UK – UK residential property investment is showing signs of growth, but foreign investors are divided on whether to enter the market, according to participants at an IP Real Estate Awards seminar.
Pam Craddock, research director at the Investment Property Forum, presented results of the organisation's 2013 survey of residential investment, which showed warming investor attitudes towards the UK residential property sector.
"These preliminary figures do indicate a continuing commitment and gradual increase in investment in the UK residential sector," she said.
Of the 33 survey participants who had responded to both the 2012 and 2013 surveys, 22 had been invested in residential in 2012, and this number increased to 29 in 2013, Craddock noted.
Respondents had increased the amount of money they put into the sector to £9.5bn (€11.2bn) from £7.1bn, she said.
Stated investment intentions pointed to a potential inflow of residential investment of £3.8bn over the next three years, she said.
Reasons given by survey respondents for not investing in residential were that the income yield on the asset class was too low, that it was simply too difficult to deal with, reputational risk, the difficulty in achieving sufficient scale and lack of liquidity or insufficient market size.
Although residential property investment still makes up less than 2% of overall UK property investment, the seminar heard that returns on the asset class had outperformed.
Mark Weedon, head of UK alternative real estate at benchmark provider IPD, said residential market lets had outperformed all property indices, equities and Gilts in 2012 and over 12 years.
Residential was also less highly correlated with equities over the last 12 years than property as a whole, he said.
"If you ran an asset allocation model, which we did about a year ago on the whole quarterly index, it came out at about 60% for one of the better performing retail segments, and about 40% going to residential would be ideal," Weedon said.
Asked why his firm did not invest in the UK residential market – even though it is heavily invested in the German residential sectors – Marcus Cieleback, head of research at PATRIZIA Immobilien, joked: "You're on an island and have your own currency.
"Being honest, when we talk to our investors, they're used to buying in large apartment blocks that make management very efficient.

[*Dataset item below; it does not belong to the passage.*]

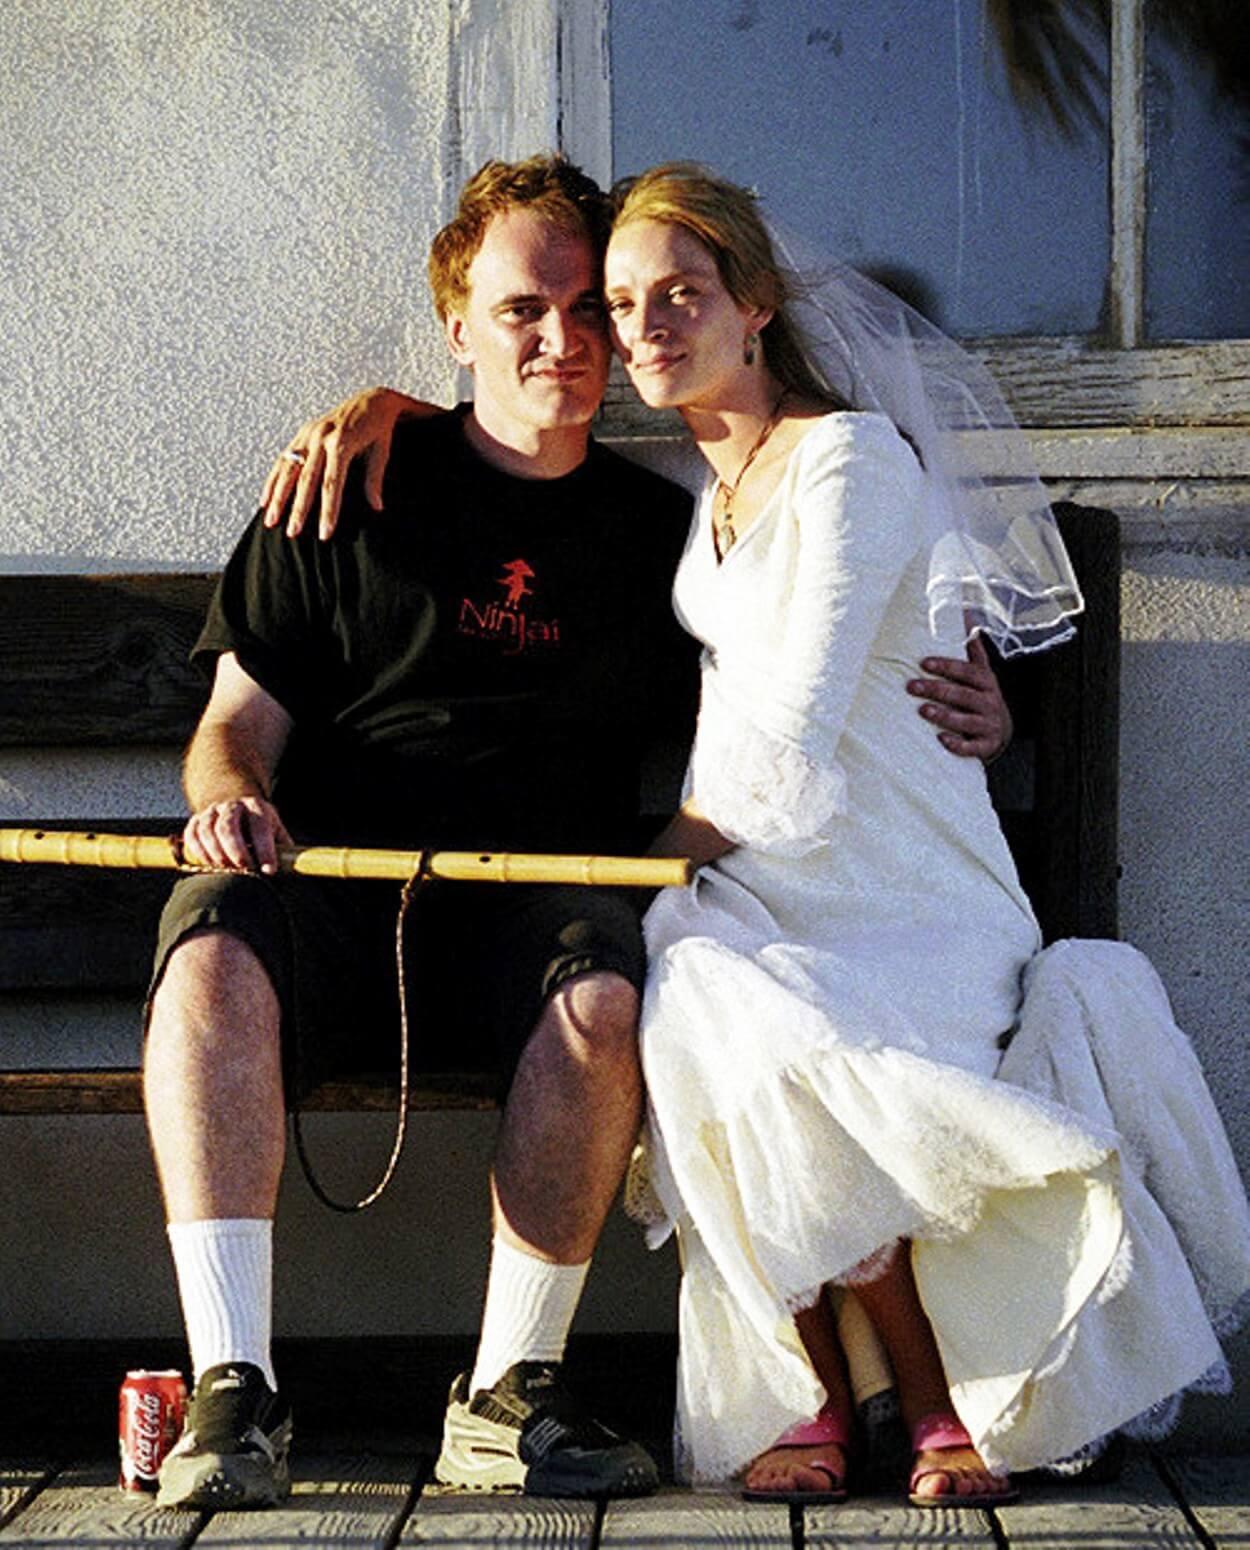 """Quentin Tarantino habla sobre el accidente de Uma Thurman en """"Kill Bill"""": """"Fue uno de mis errores más horrendos"""""""

"If you look at the UK market, you're lacking this. You might have larger buildings, but they are more for the private buy-to-let market, and then you have some of them that are more or less affordable housing, which is not really the sector that our investors want to go into."
The UK was simply lacking the stock that PATRIZIA Immobilien's investors were after, he said.
"Our investors are heavily biased towards income return, and if you look at the numbers just presented, that's not very persuasive if you're looking for income return in the area of 4%, 4.5% and 5% rent," he said.
If the stock were available, he said his firm would possibly invest in the UK.
However, Martijn Vos, senior portfolio manager of real estate at Dutch fund APG, said his fund did want to add to its residential stock in the greater London area.
The fund currently has a total of €3bn in residential property investment and aims to diversify this globally.
"For the next five years, we see a lot of rental growth prospects," he said of the UK market.
"It can be higher than we actually underwrite – we calculate no capital growth other than flow as a result of that rental growth."
But it was unlikely APG would venture into other cities in the UK in its search for investments, he said.
"There is a demand for 17,000 houses a year in London, so why turn to another market?" he asked. "Yes it could offer higher yields, but I've yet to be convinced."